◆ Task statement: Transcribe the listing verbatim, please, with images dropped.

◆ Source material:
────────────────
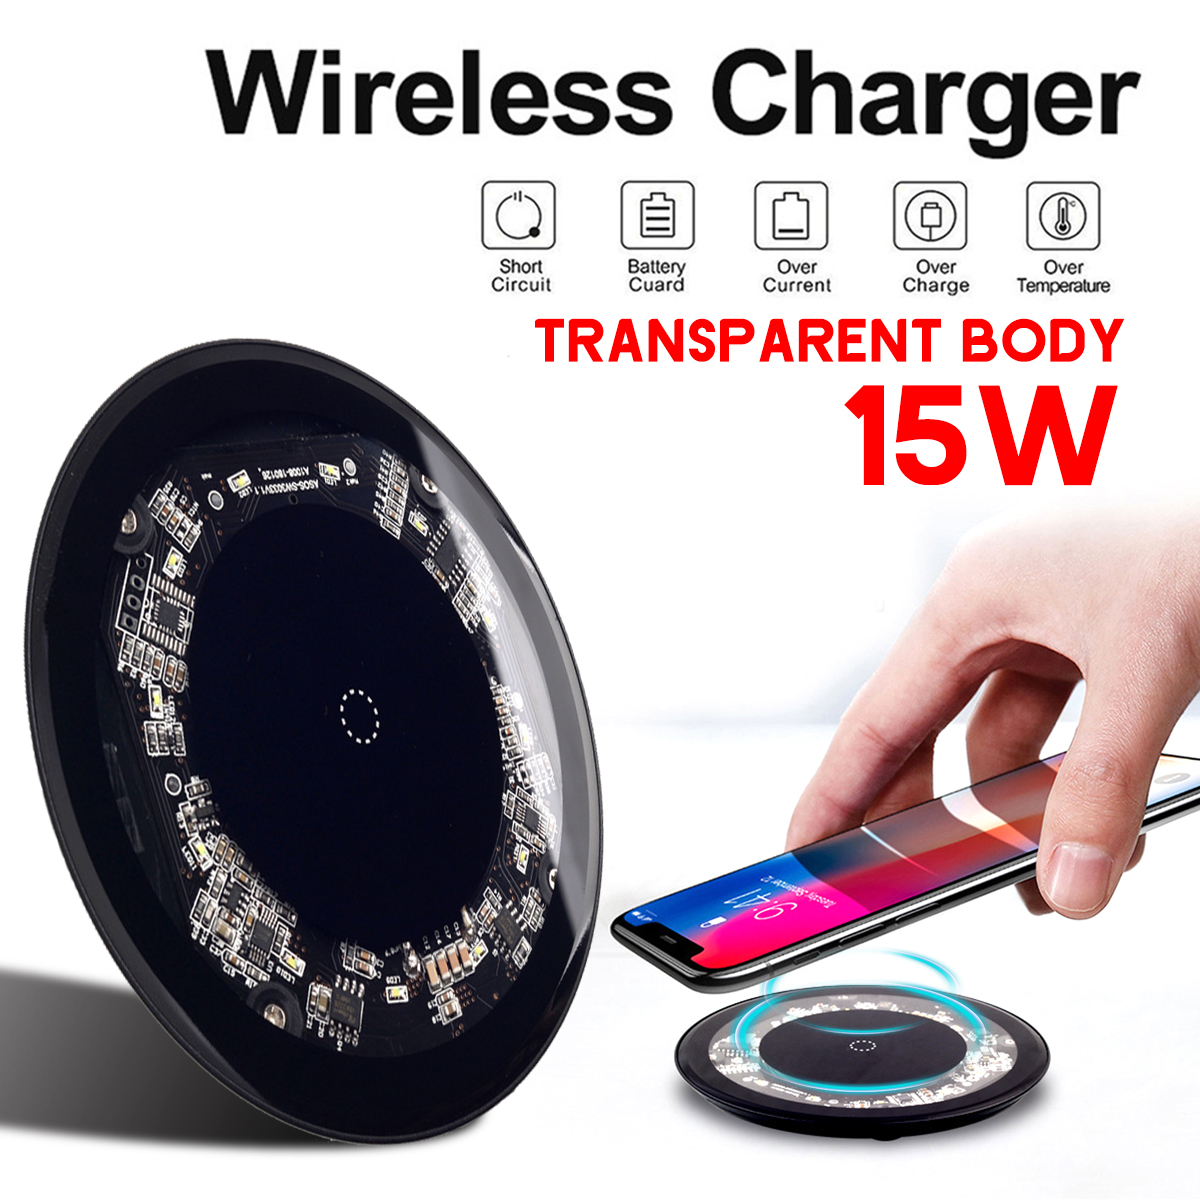 Bakeey-15W-Transparent-Smart-Induction-Quick-Charge-Wireless-Charger-for-iPhone-11-Pro-Max-for-Samsu-1646160-1
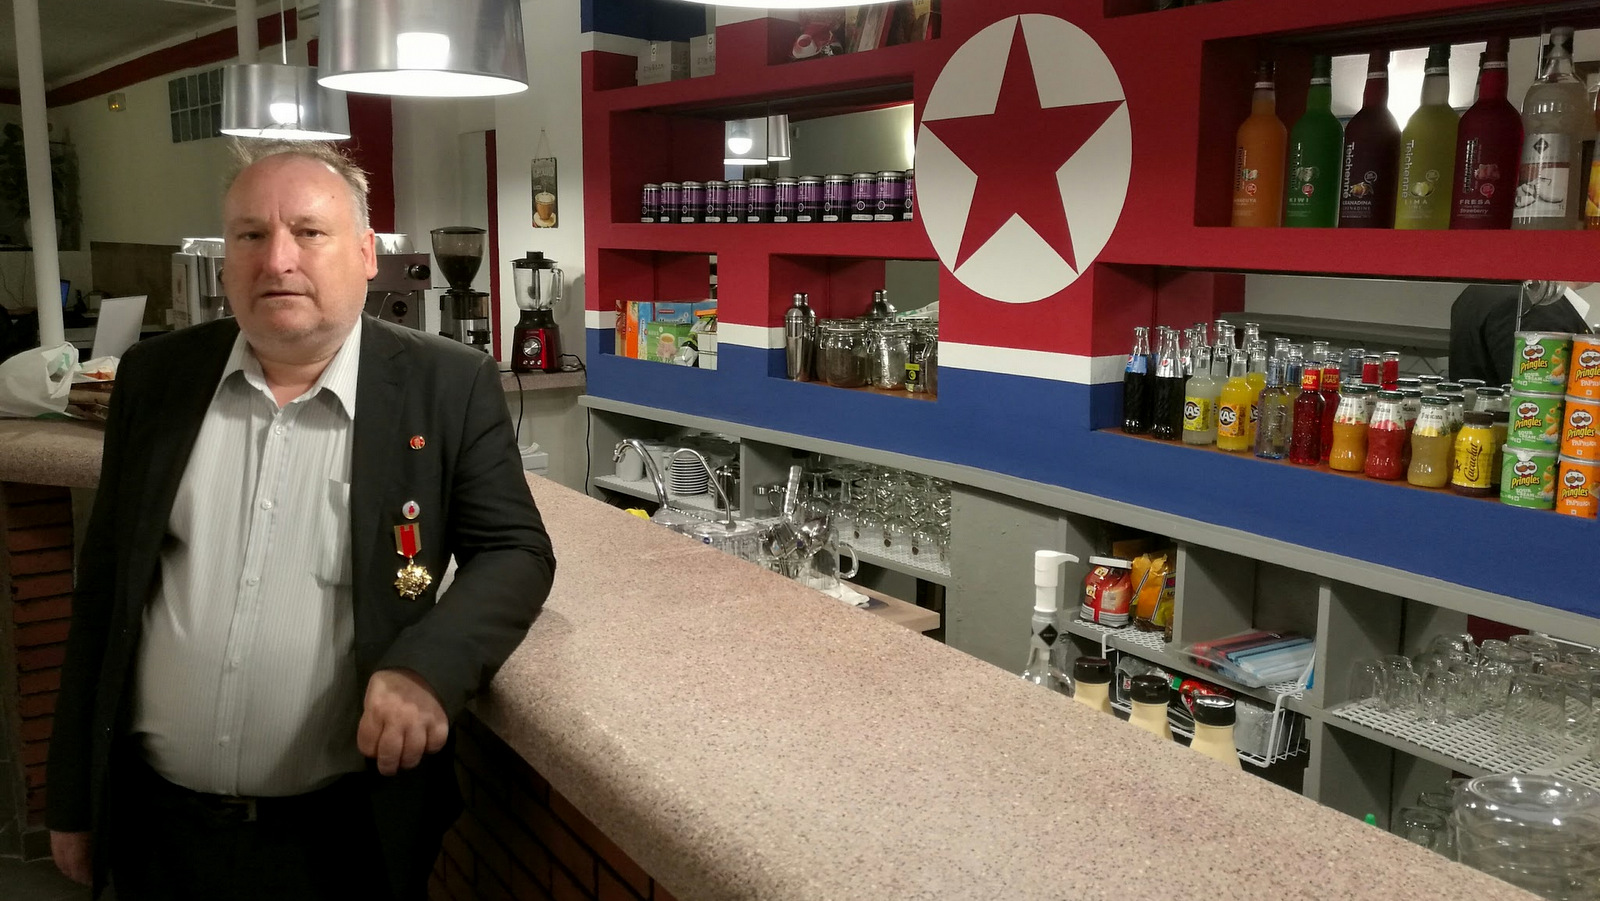 Dermot Hudson, Official Delegate of the KFA to UK at the Pyongyang Cafe in Tarragona, Spain. (Photo: Anglo-Peoples Korea/Songun)
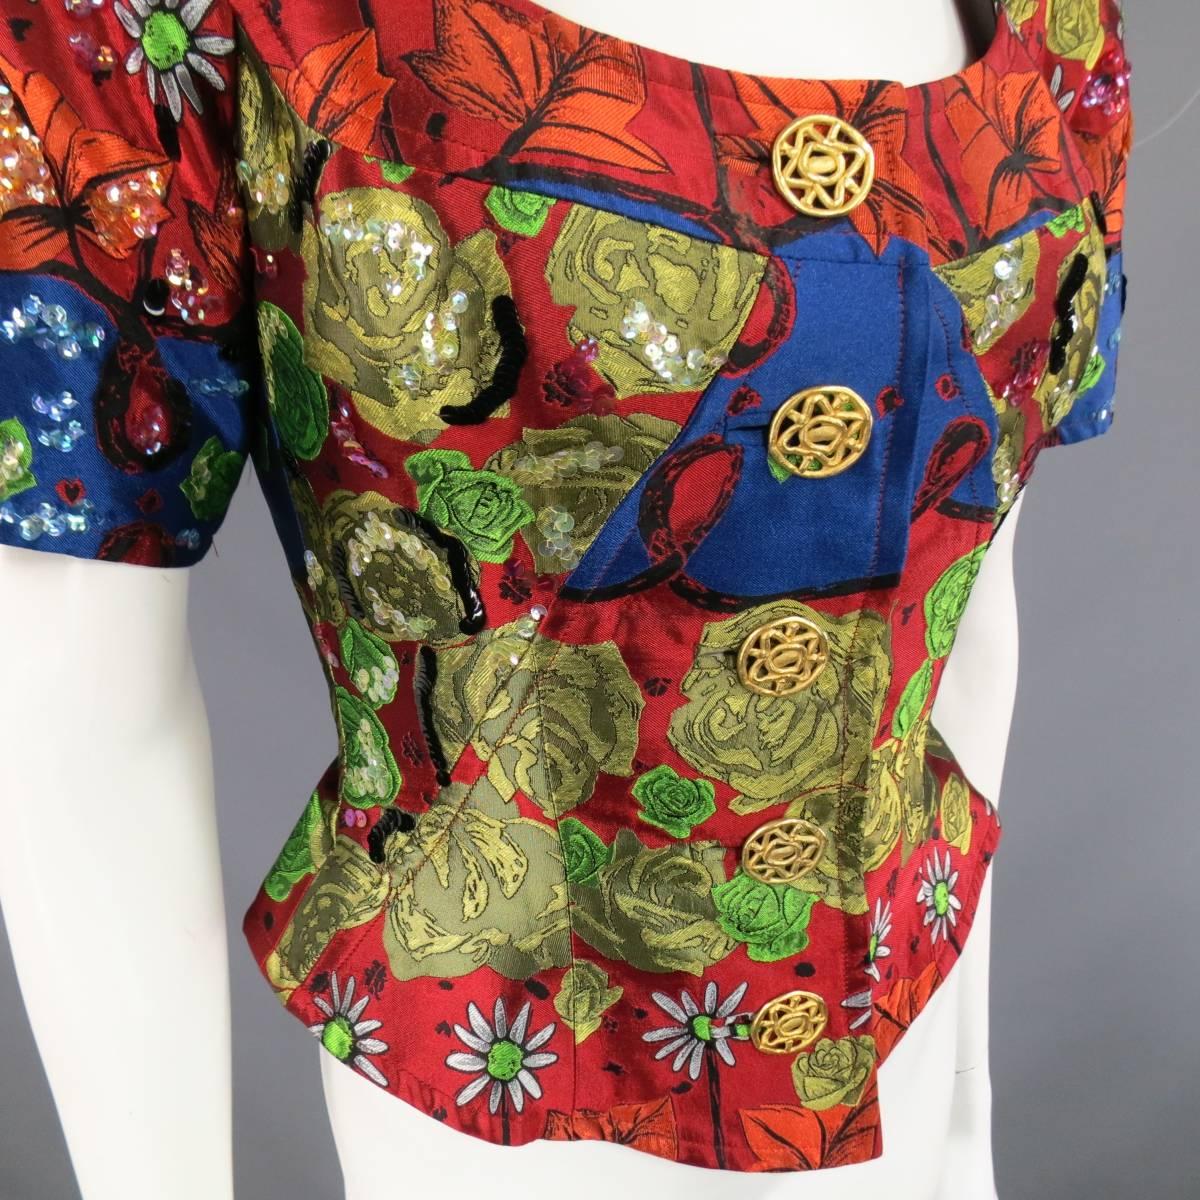 Women's CHRISTIAN LACROIX Red Gold Navy & Green Rose Floral Print Sequin Skirt Suit
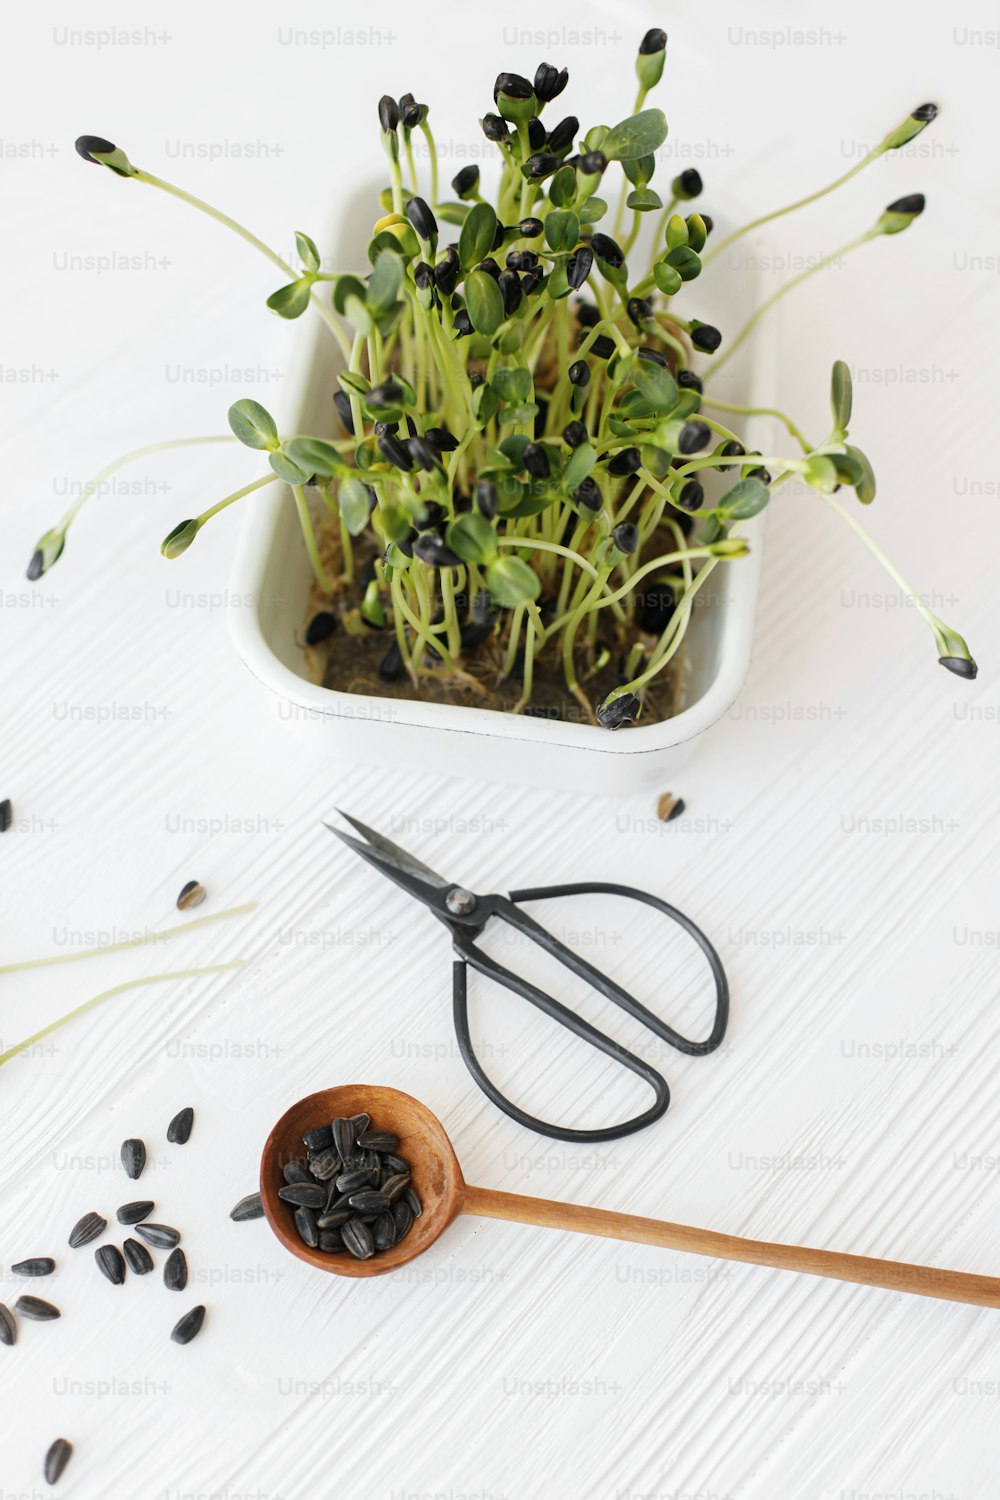 Growing microgreens at home. Fresh sunflowers sprouts, wooden spoon with seeds, scissors on white wood. Sunflower sprouter, microgreen. Hydroponics
────────────────
◆ Response area:
 Bakeey-15W-Transparent-Smart-Induction-Quick-Charge-Wireless-Charger-for-iPhone-11-Pro-Max-for-Samsu-1646160-1
 Dermot Hudson, Official Delegate of the KFA to UK at the Pyongyang Cafe in Tarragona, Spain. (Photo: Anglo-Peoples Korea/Songun)
 Women's CHRISTIAN LACROIX Red Gold Navy & Green Rose Floral Print Sequin Skirt Suit
 Growing microgreens at home. Fresh sunflowers sprouts, wooden spoon with seeds, scissors on white wood. Sunflower sprouter, microgreen. Hydroponics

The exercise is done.